Don Hale leaves the sandpit. You can see the original LD bodywork
and seat support above the engine.

When I described my bike in the feature, I said it was based on a Lambretta 150D... but that wasn't strictly speaking accurate. It was originally built by Don Hale and his SS Scooters colleagues, and sharp-eyed viewers will have noticed that in the earlier pictures of Don riding it, the bike is clearly not a D, but an LD. The difference was that the later LD models came from the Innocenti factory with full bodywork enclosing the engine — the removable panels hooked over a centre pressed-steel section that ran from above the back of the footboard to behind the rear wheel, supporting the seat. This was the most popular model in the UK, and was far more readily available.

Me almost at the same spot, at my first meeting as a rider.
Don had cut out the solid section of the bodywork in front of the engine
to allow a cooling airflow, but this weakened the pressed-steel section.

Graeme Aldous on bike

But although the pressed steel section was durable enough for road use, it didn't have the strength of a full round chassis tube for scrambling, and mine was looking its age when Don sold it to me.

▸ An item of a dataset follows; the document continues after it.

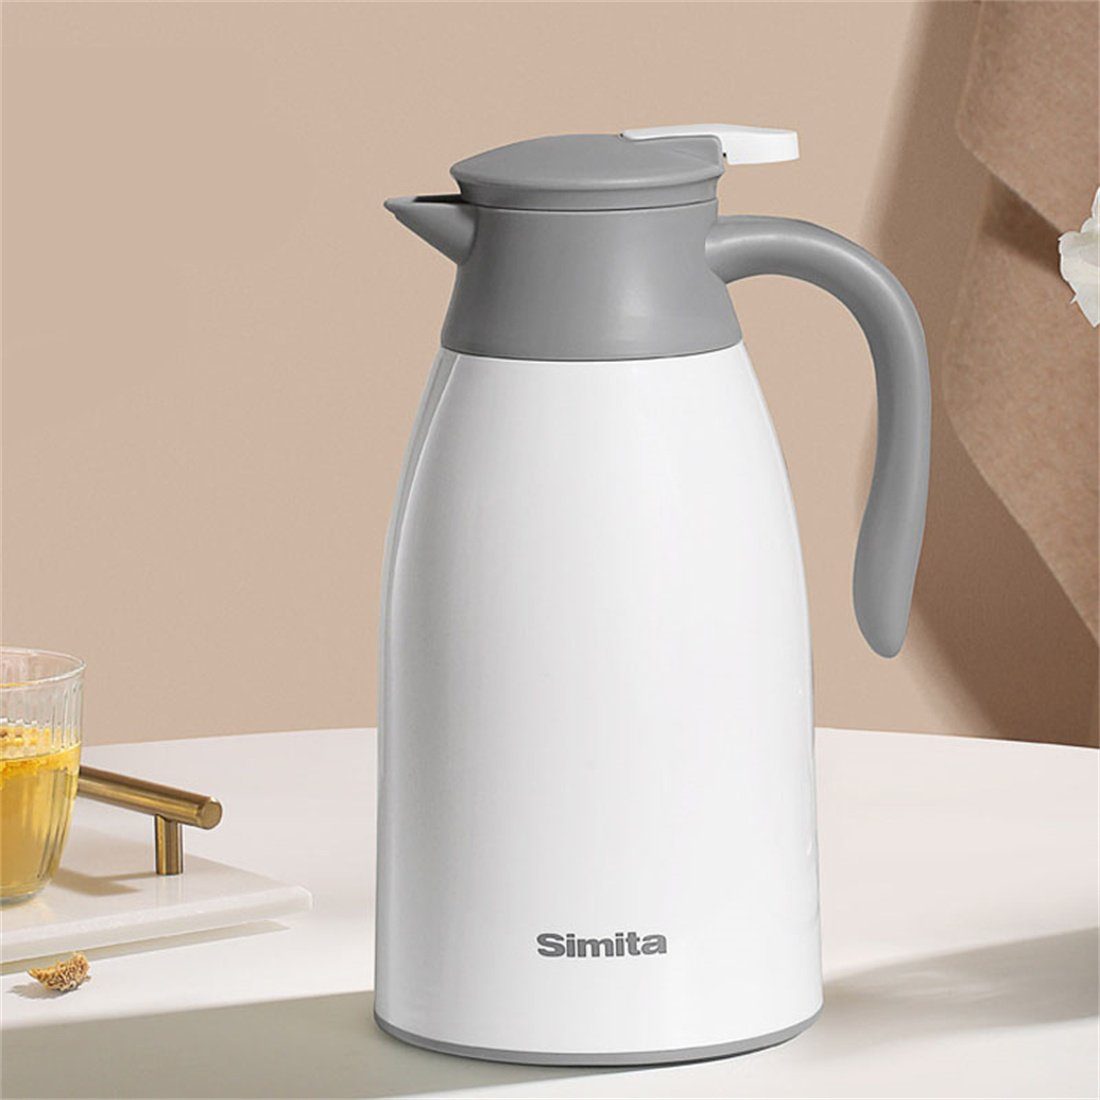 den für Weiß DÖRÖY Isolierkessel Isolierkanne Hausgebrauch,Heißwasserkocher,Kaffeemaschine1.6L

I managed to source an old D frame where the rear end was straight — the main tube was the same on both models — and got someone (probably Demon Welder Ted Winn?) to weld it in. So yes, it looked like a D, but was actually 'born' as an LD.

Don Hale on bike

A few years later, the pressed-steel LD seat support has been
replaced by a section of frame from a D.

This gave an interesting situation when I came to register it for the road. The DVLA needed to check the engine and chassis numbers before they would issue a licence. On the LD the chassis number was stamped on the seat support bracket... but that had gone. It was elsewhere on the D, but not on the bit that I had incorporated, so I had a frame with no visible chassis number at all.

When the inspector called, my father (I was already away training for my Belfast posting) took him down the garden to the shed where the bike lived. When he couldn't find a number, his response was "Well, no-one who was up to no good would choose to ride on a thing like that!", and agreed to pass it. Shades of "You must be bats to ride one of those!"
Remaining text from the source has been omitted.